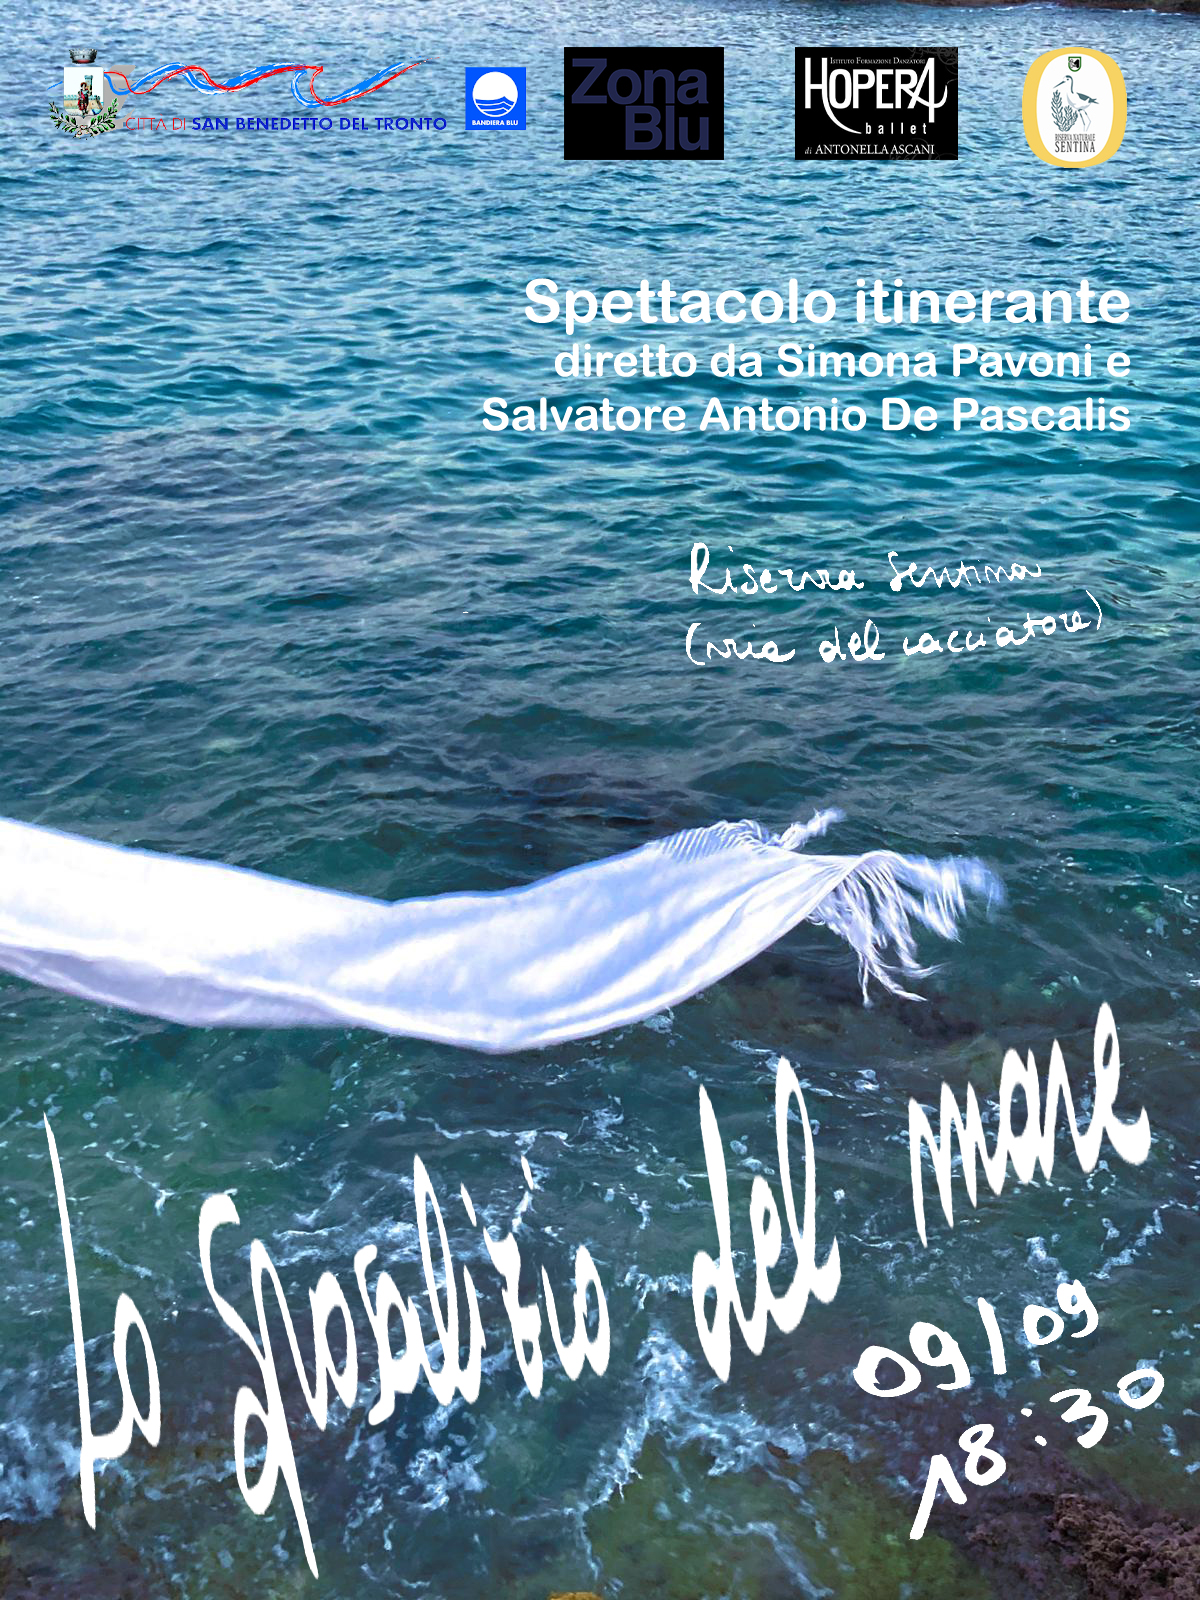 "Lo Sposalizio del Mare" - EVENTO ANNULLATO
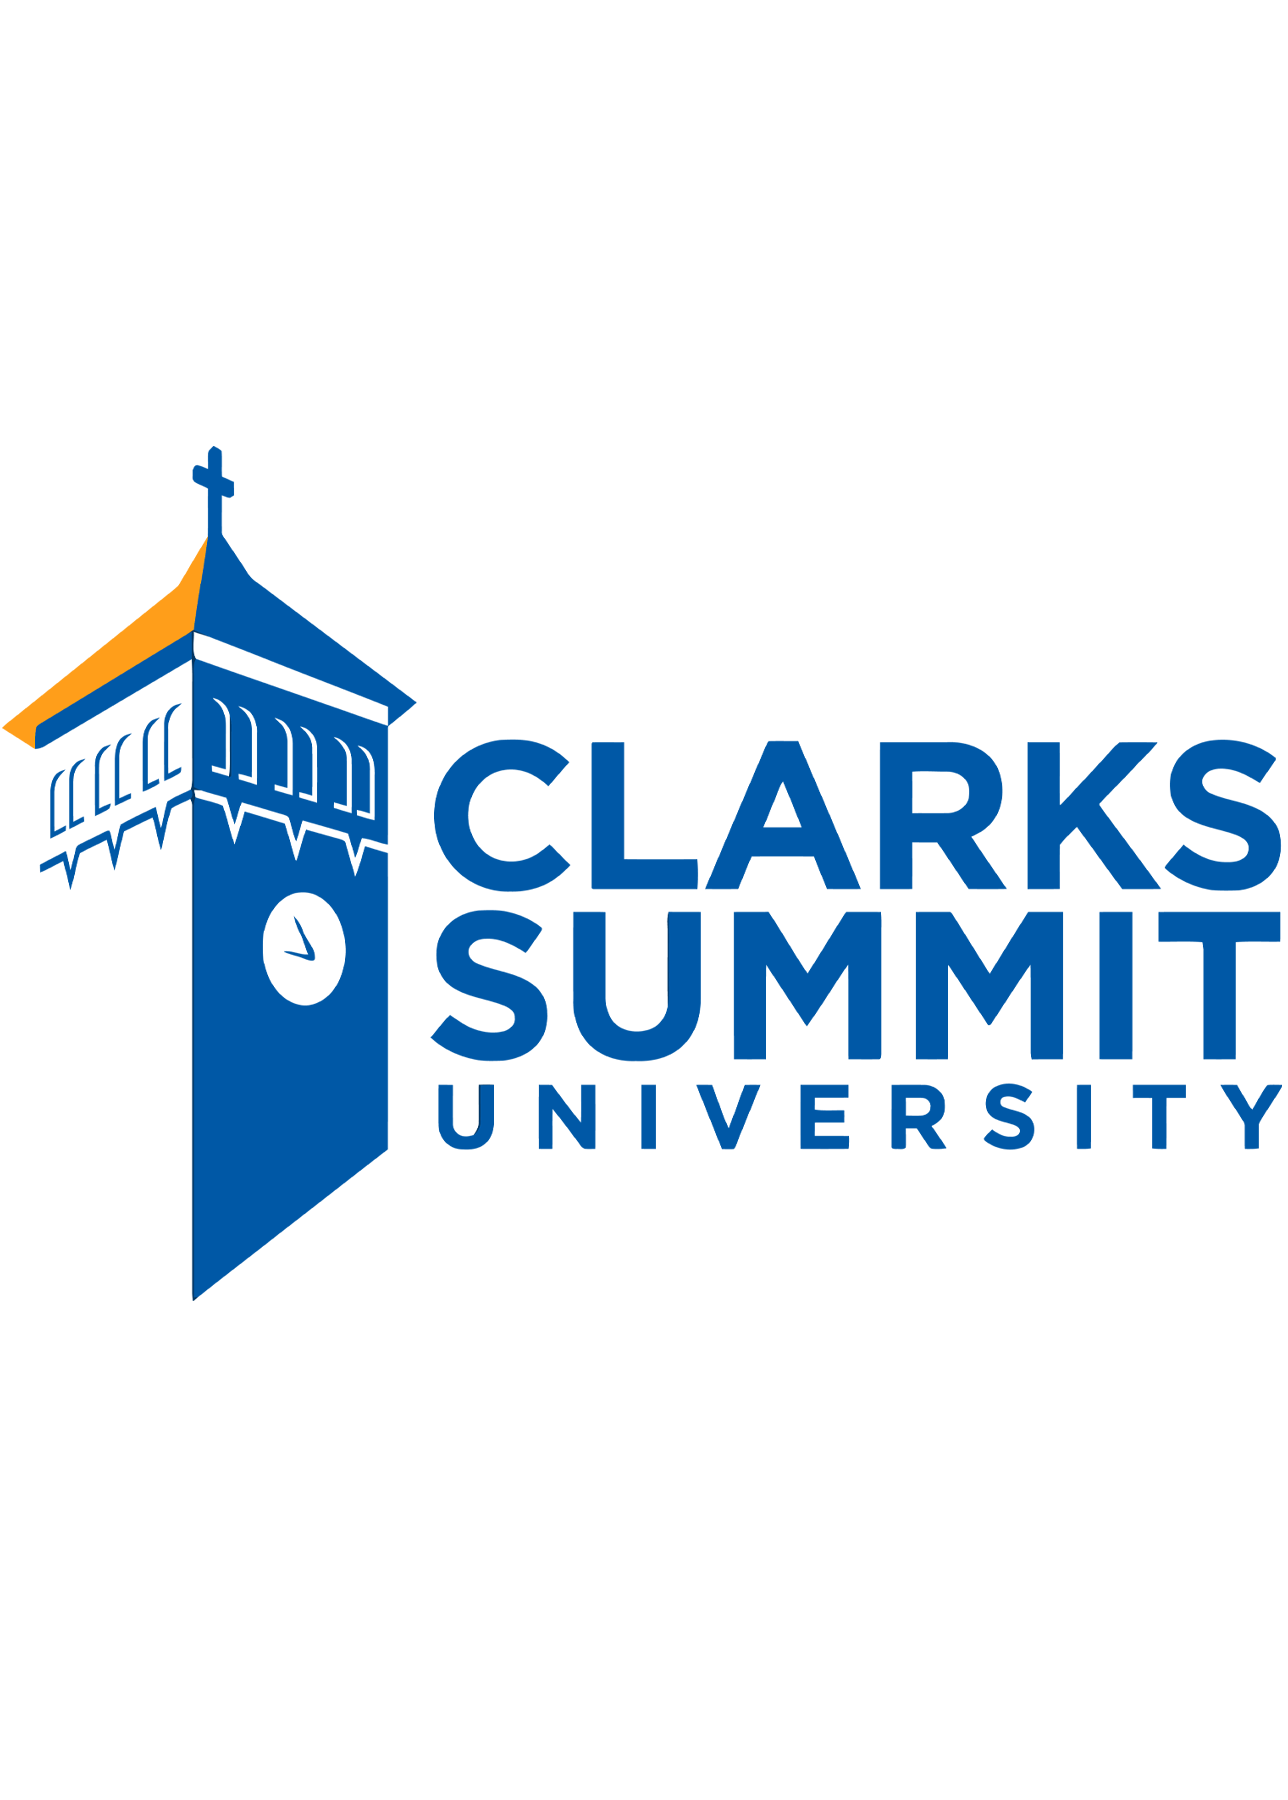 Clarks Summit University
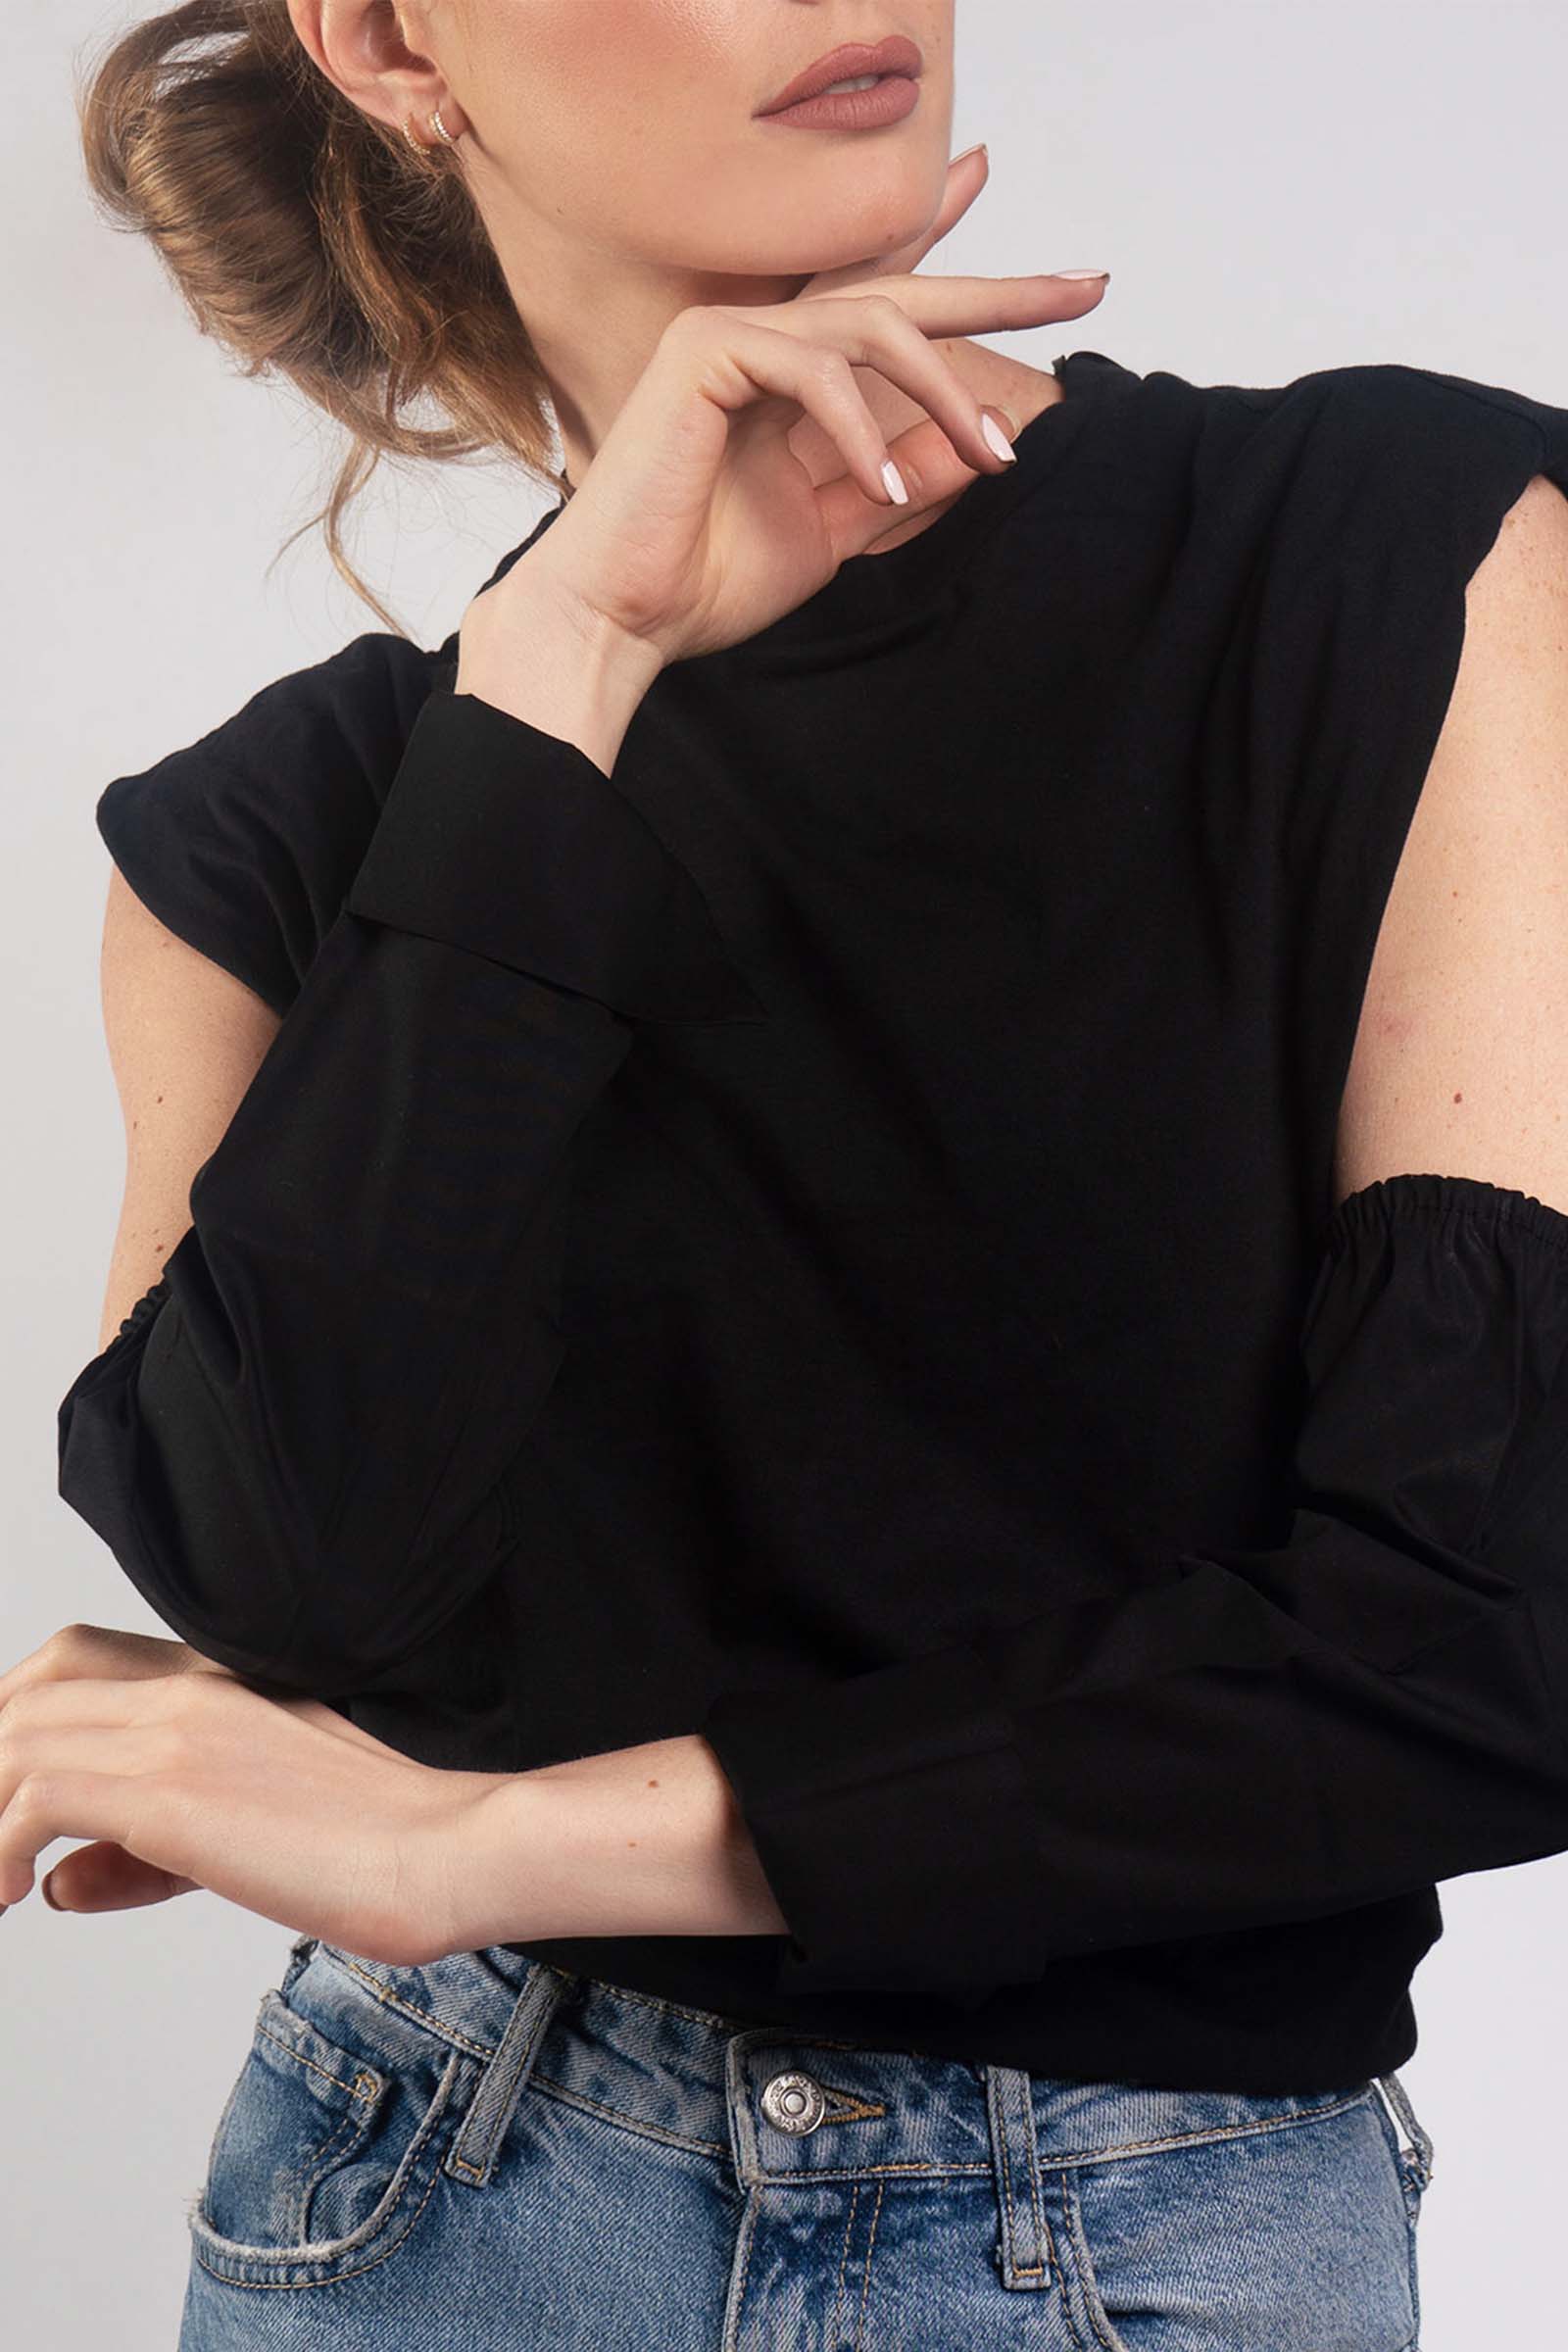 Black Shirt Sleeves - Foulard Store - Buy modest sleeves for women

· · · · · · ·

### EXERCISE
Output the full listing verbatim, but drop the images.

### WORKED SOLUTION
 "Lo Sposalizio del Mare" - EVENTO ANNULLATO
 Clarks Summit University
 Black Shirt Sleeves - Foulard Store - Buy modest sleeves for women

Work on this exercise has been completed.